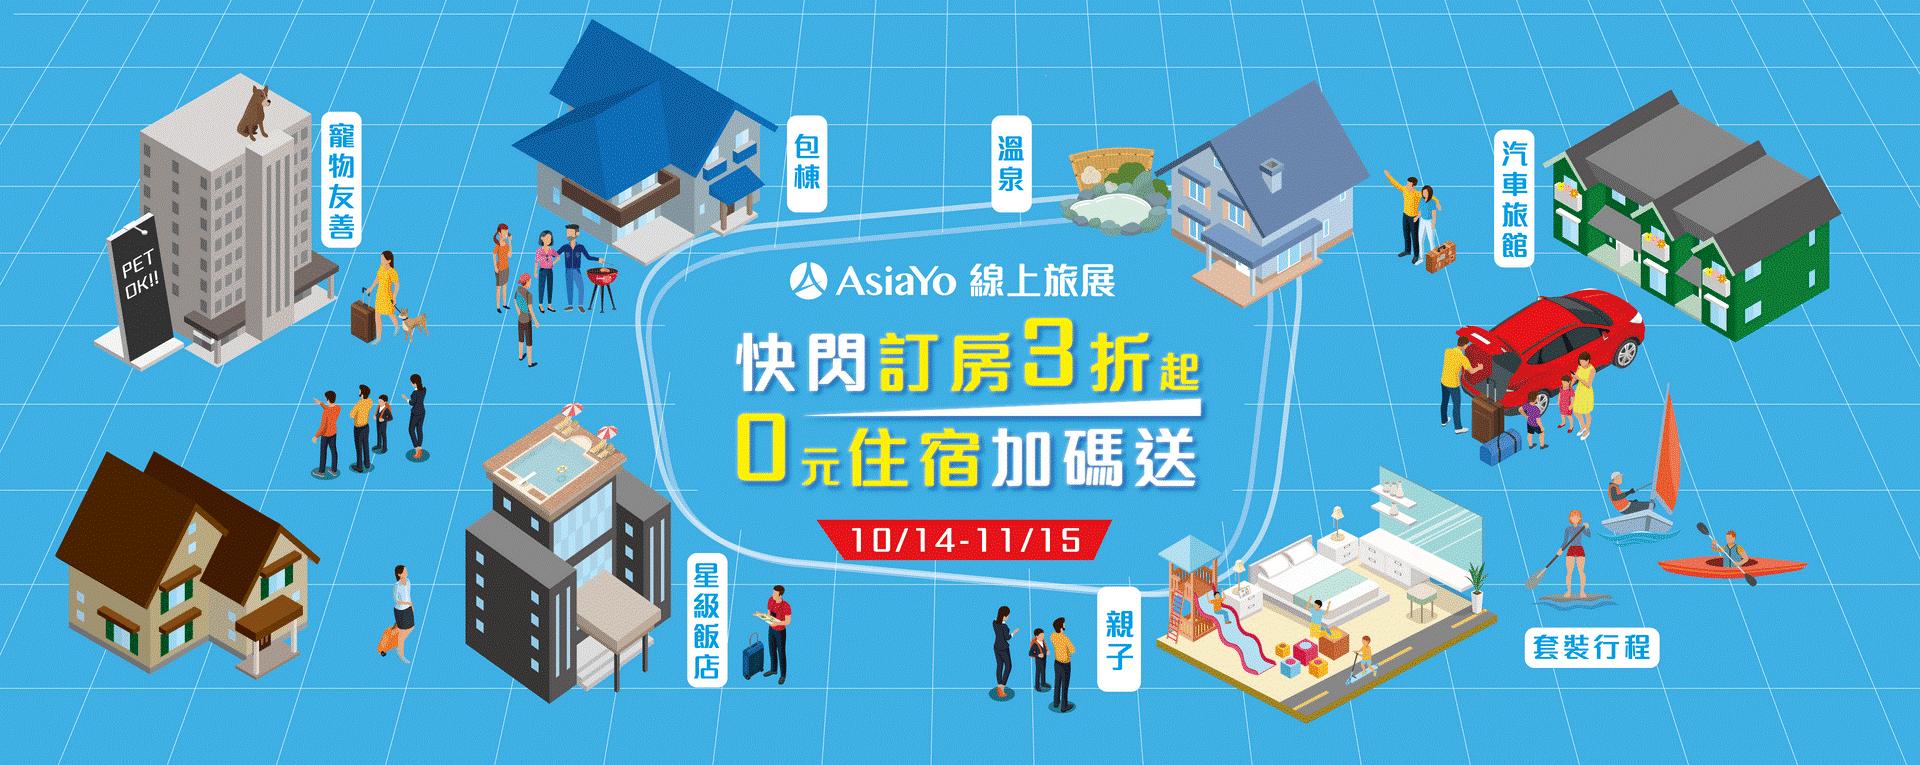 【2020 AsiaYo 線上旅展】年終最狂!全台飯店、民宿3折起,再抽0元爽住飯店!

...

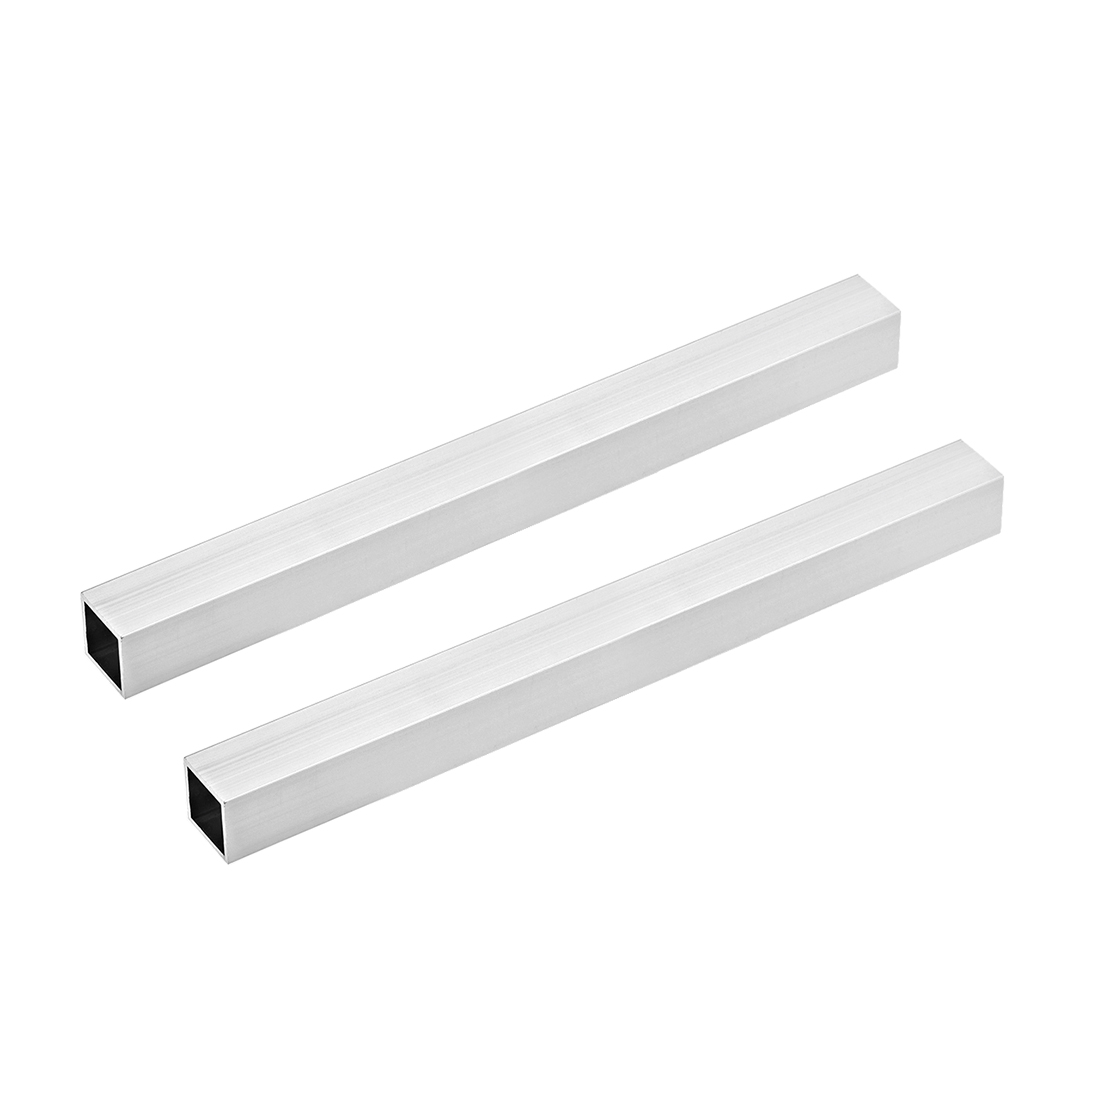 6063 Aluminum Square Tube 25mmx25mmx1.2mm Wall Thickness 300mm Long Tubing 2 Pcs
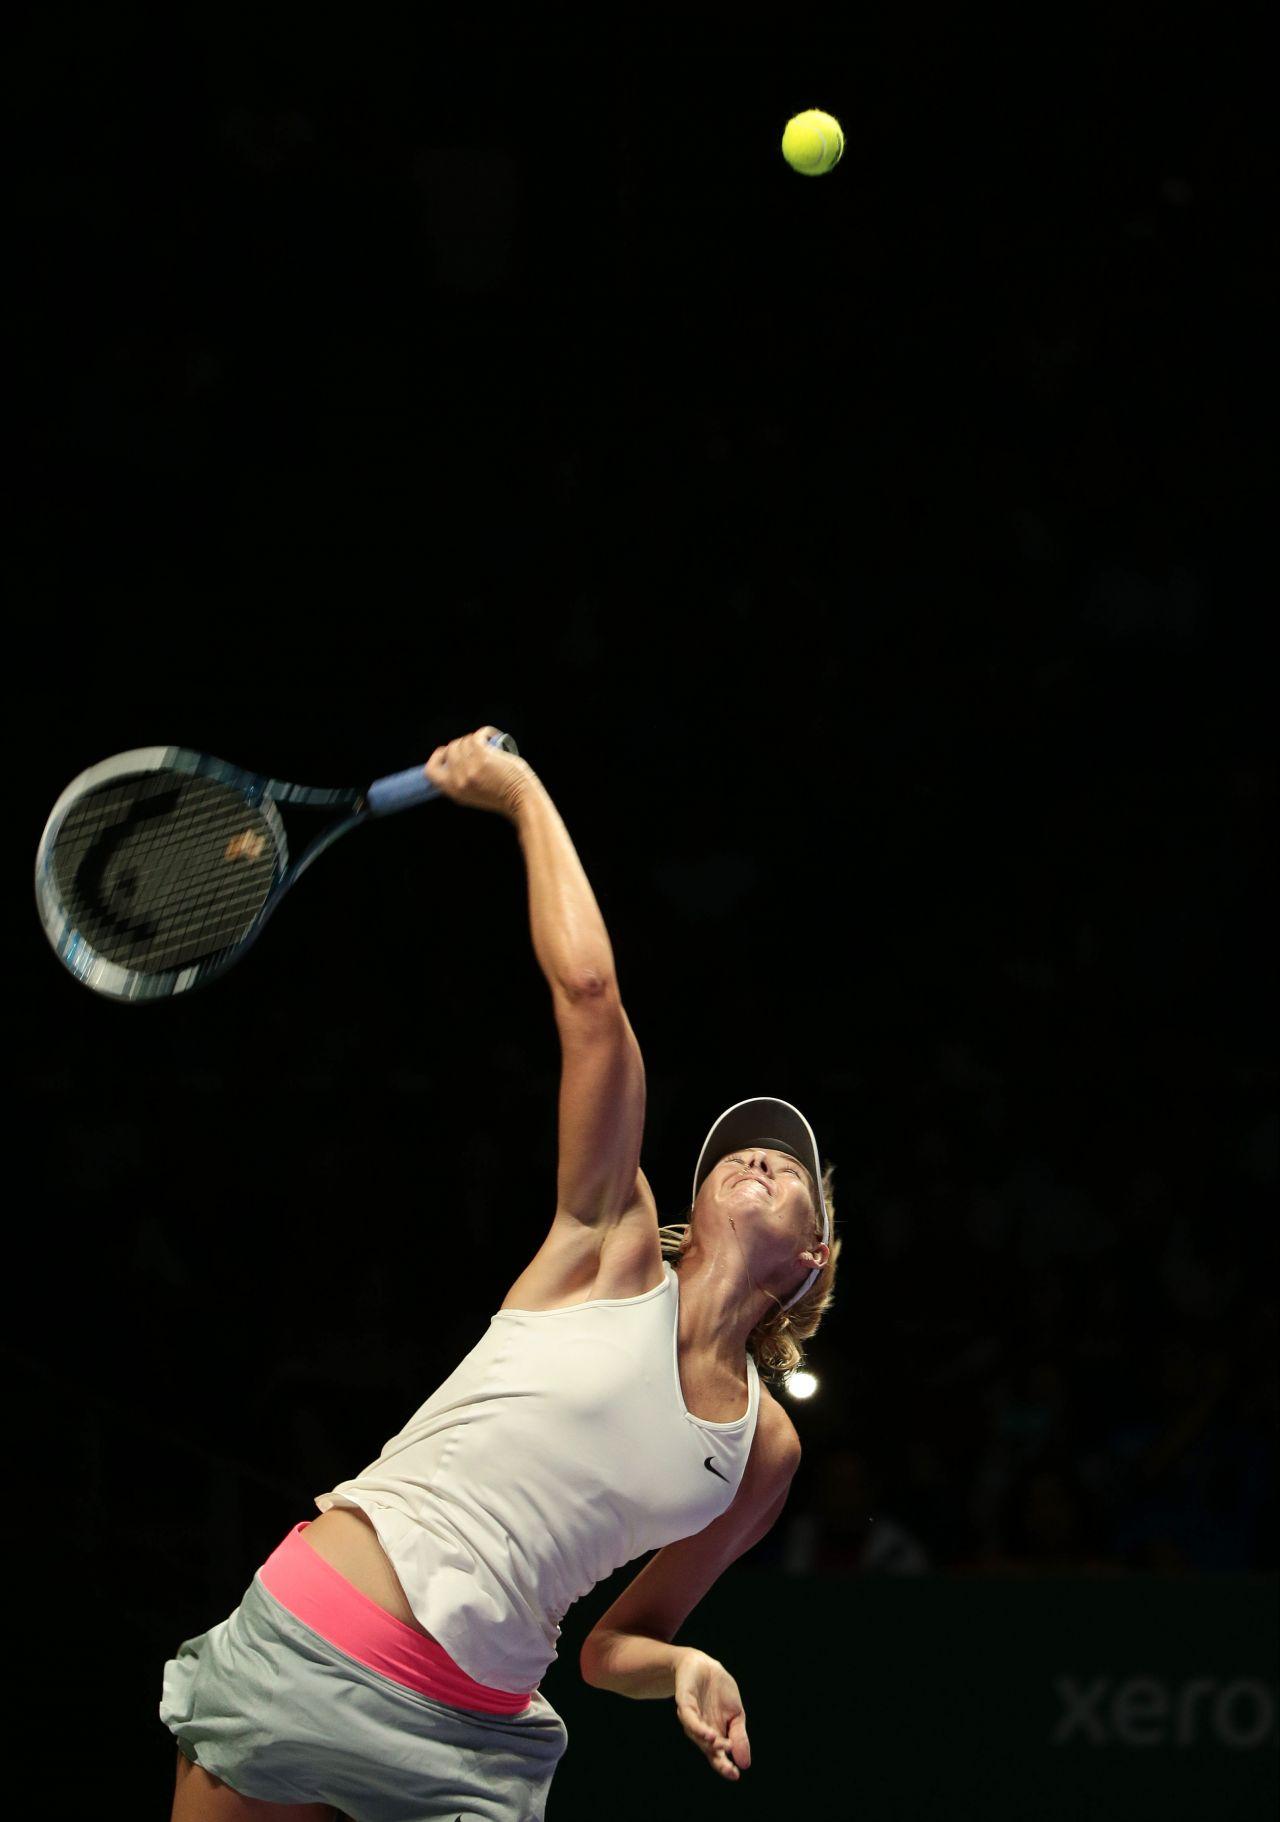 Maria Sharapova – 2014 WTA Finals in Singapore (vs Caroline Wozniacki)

## PROMPT
Print from the line containing "6063 Aluminum Square" through the line containing "Maria Sharapova –" in the data above, exactly as the lines stand, and omit every picture.

## EXPECTED ANSWER
 6063 Aluminum Square Tube 25mmx25mmx1.2mm Wall Thickness 300mm Long Tubing 2 Pcs
 Maria Sharapova – 2014 WTA Finals in Singapore (vs Caroline Wozniacki)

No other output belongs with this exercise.